2. Kendala Sosial dan Ekonomi di Lapangan

Selain kendala jumlah, Tauhid juga menyoroti hubungan sosial-ekonomi yang erat antara petani dan tengkulak. Hubungan ini bukan hanya transaksi biasa, melainkan sudah mengakar dalam sistem sosial di pedesaan, seperti adanya kepercayaan, kedekatan emosional, hingga bantuan cepat tanpa prosedur rumit.

“Tidak mudah untuk mengurangi peran tengkulak secara instan. Apalagi di beberapa wilayah, tengkulak punya kedekatan yang sangat kuat dengan petani. Hubungan ini berbasis kepercayaan, dan sering kali mereka memberikan pinjaman tanpa agunan,” katanya.


3. Koperasi Harus Punya Jiwa Bisnis Tinggi

Lebih lanjut, Tauhid menjelaskan bahwa agar koperasi bisa menggantikan peran tengkulak, diperlukan pengelola yang memiliki jiwa bisnis tinggi. Hal ini penting karena koperasi bukan sekadar organisasi sosial, tetapi juga harus beroperasi sebagai lembaga ekonomi yang efisien dan berdaya saing.

“Petani itu cenderung self-sufficient, berusaha memenuhi kebutuhan dasarnya sendiri. Kalau koperasi ingin sukses, pengurusnya harus profesional dan memiliki orientasi bisnis yang kuat,” tambahnya.

4. Tengkulak Masih Dibutuhkan?

Meski pemerintah optimis dengan masa depan Kopdes Merah Putih, Tauhid berpandangan realistis. Ia menyebutkan bahwa dalam jangka pendek, tengkulak masih akan tetap eksis, terutama karena fleksibilitas yang mereka tawarkan tidak bisa dengan mudah ditiru oleh koperasi.

“Model koperasi yang modern sering kali tidak bisa menyamai fleksibilitas tengkulak yang mengandalkan sistem kepercayaan, kecepatan pencairan dana, dan tanpa agunan.

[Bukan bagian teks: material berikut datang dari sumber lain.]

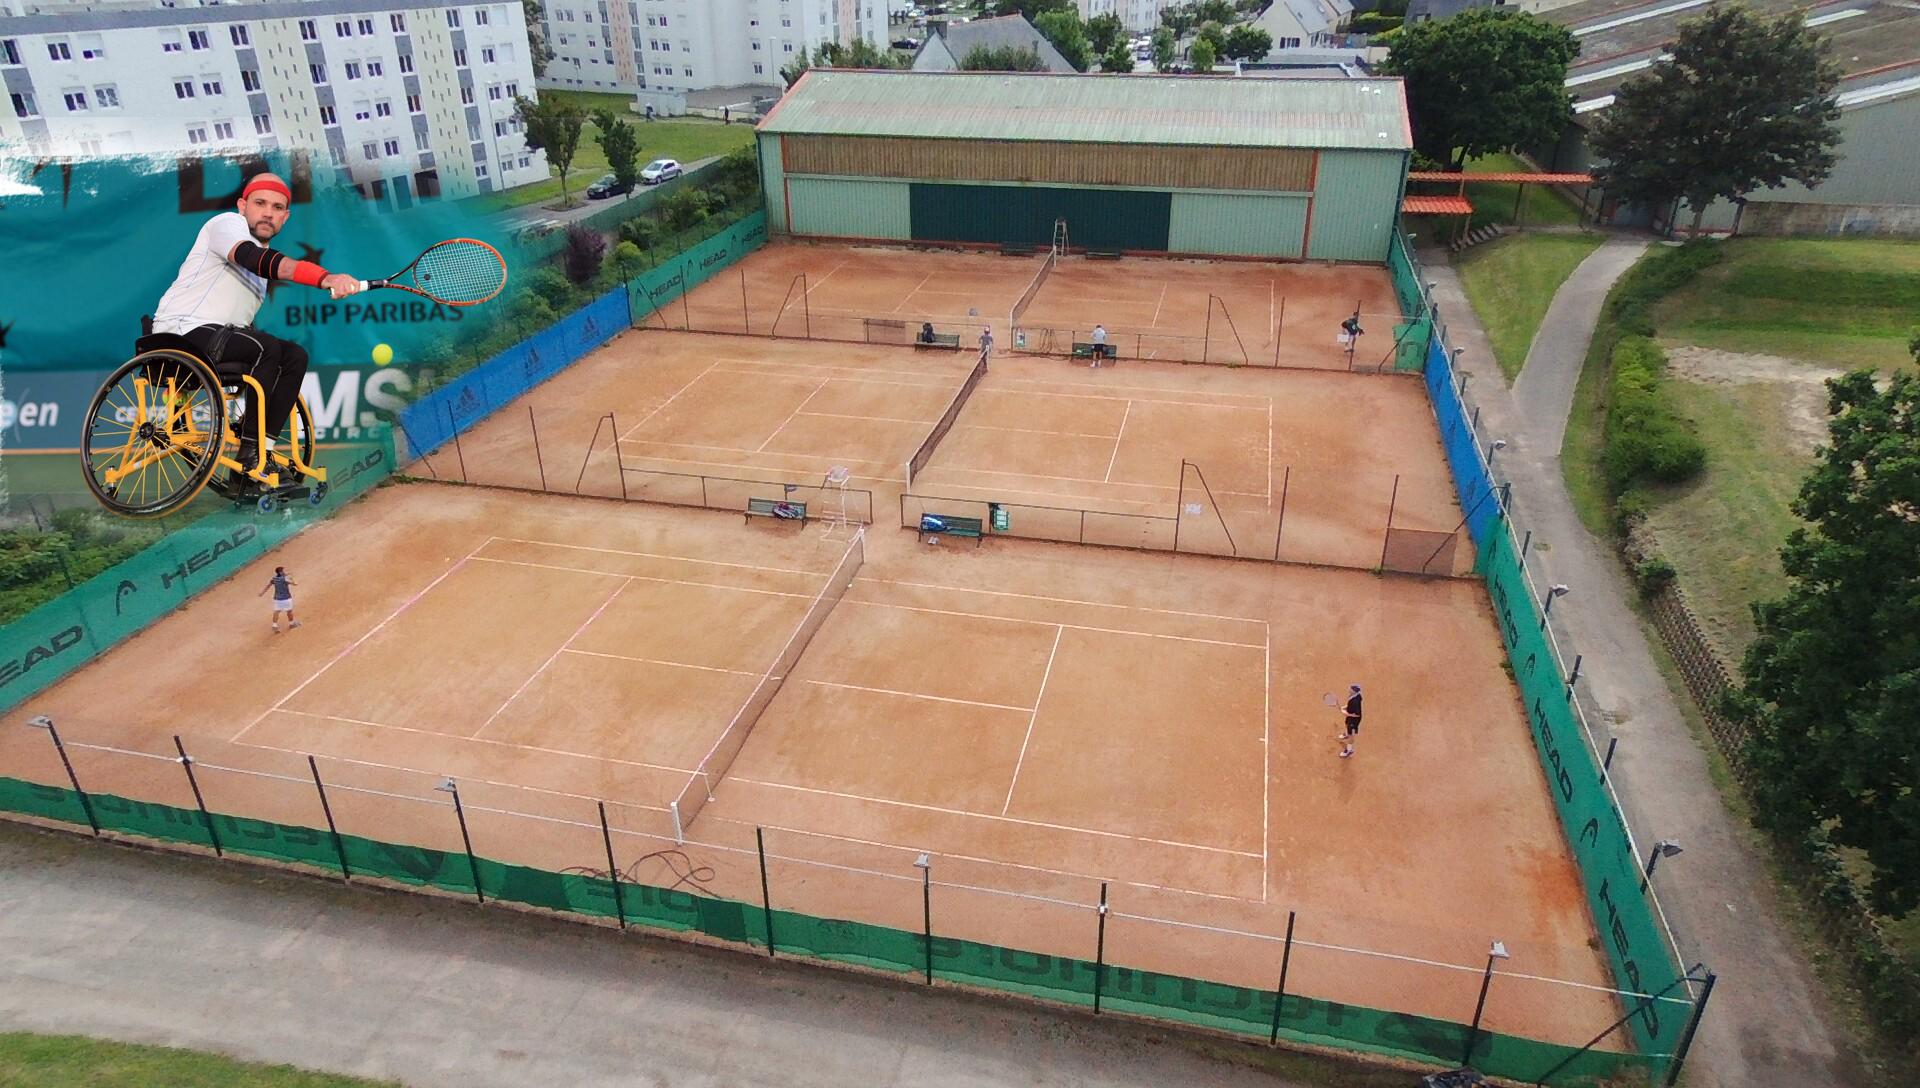 Tennis club Brestois

Apalagi, dunia sekarang makin digital, dan belum tentu semua petani familiar dengan sistem tersebut,” ujarnya.

Upaya pemerintah mengembangkan Kopdes Merah Putih sebagai solusi menggantikan tengkulak patut diapresiasi. Namun, seperti yang disampaikan Tauhid Ahmad, diperlukan waktu, keseriusan, dan pembenahan manajerial agar koperasi benar-benar mampu mengambil alih peran tersebut secara efektif.

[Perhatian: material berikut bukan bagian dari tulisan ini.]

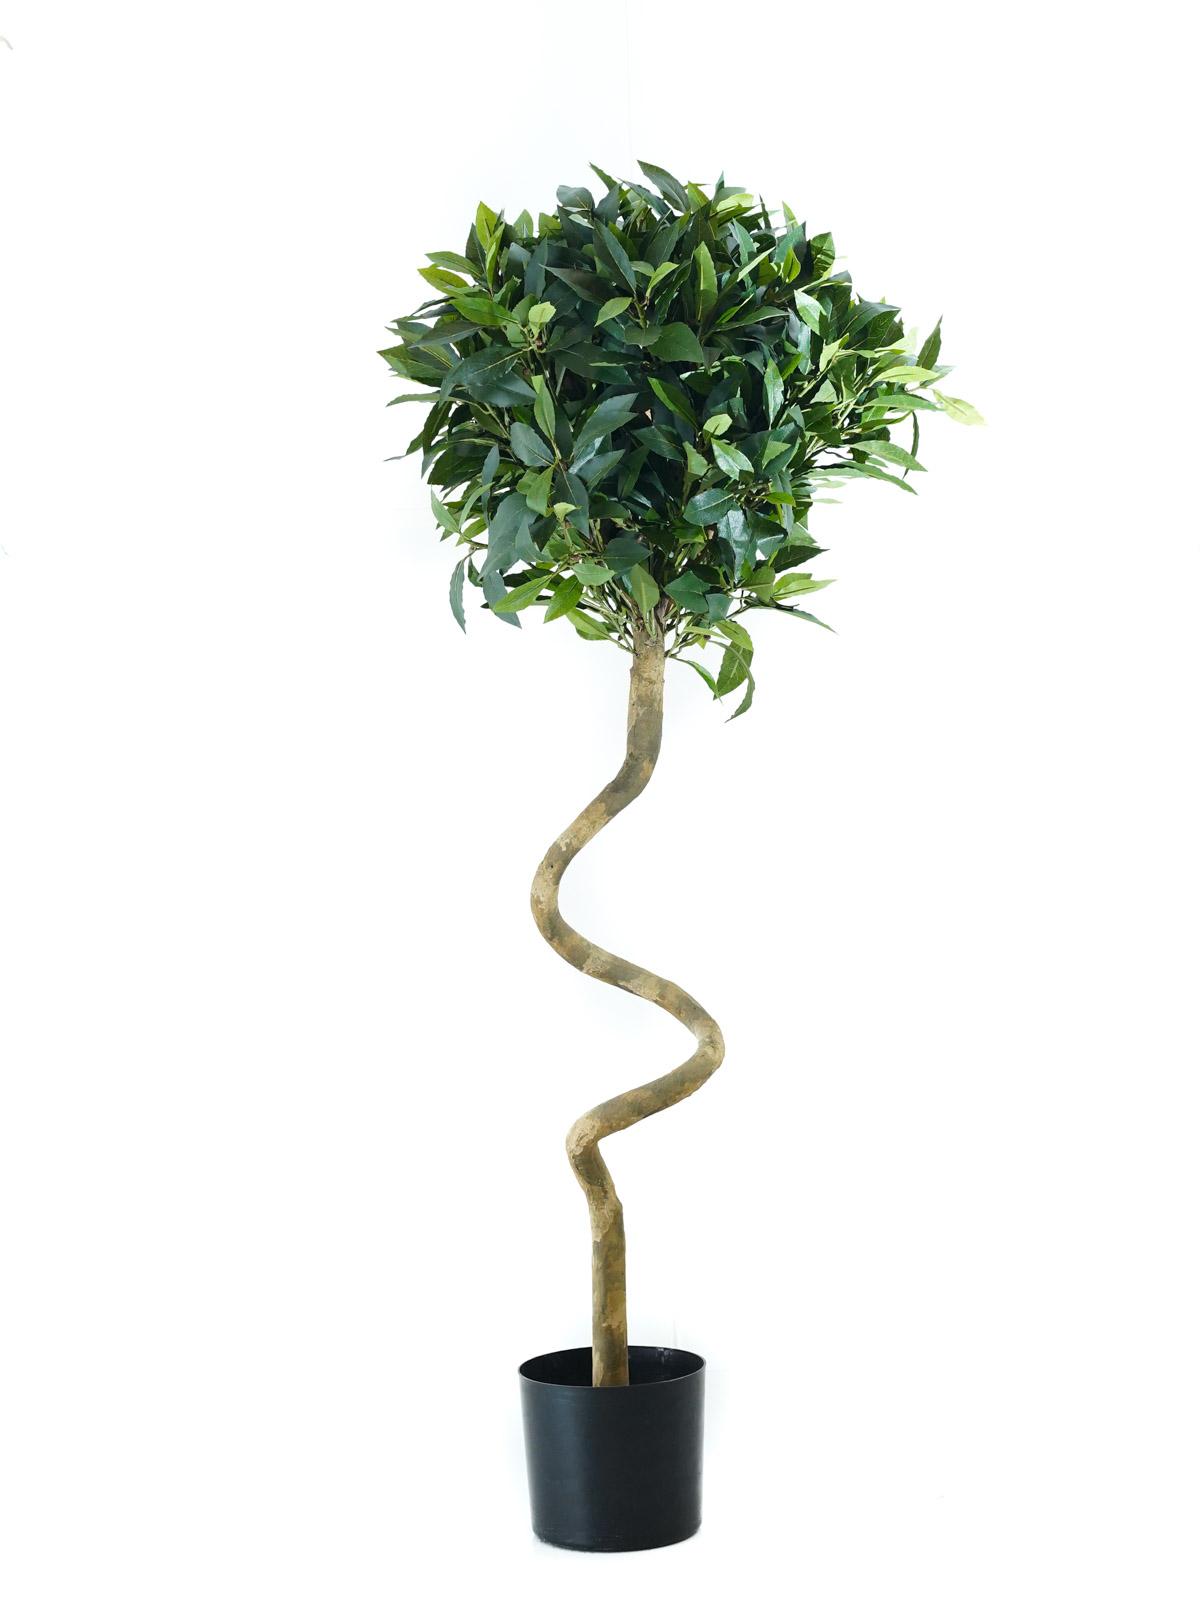 سويت باي 3 'نباتات اصطناعية'

Tantangan terbesar bukan hanya pada sisi kelembagaan, tapi juga pada aspek sosial dan budaya yang

selama ini menjadi fondasi hubungan antara petani dan tengkulak. Maka dari itu, pemerintah perlu memastikan bahwa transformasi koperasi tidak hanya administratif, tetapi juga substansial dan berorientasi pada kesejahteraan petani secara berkelanjutan.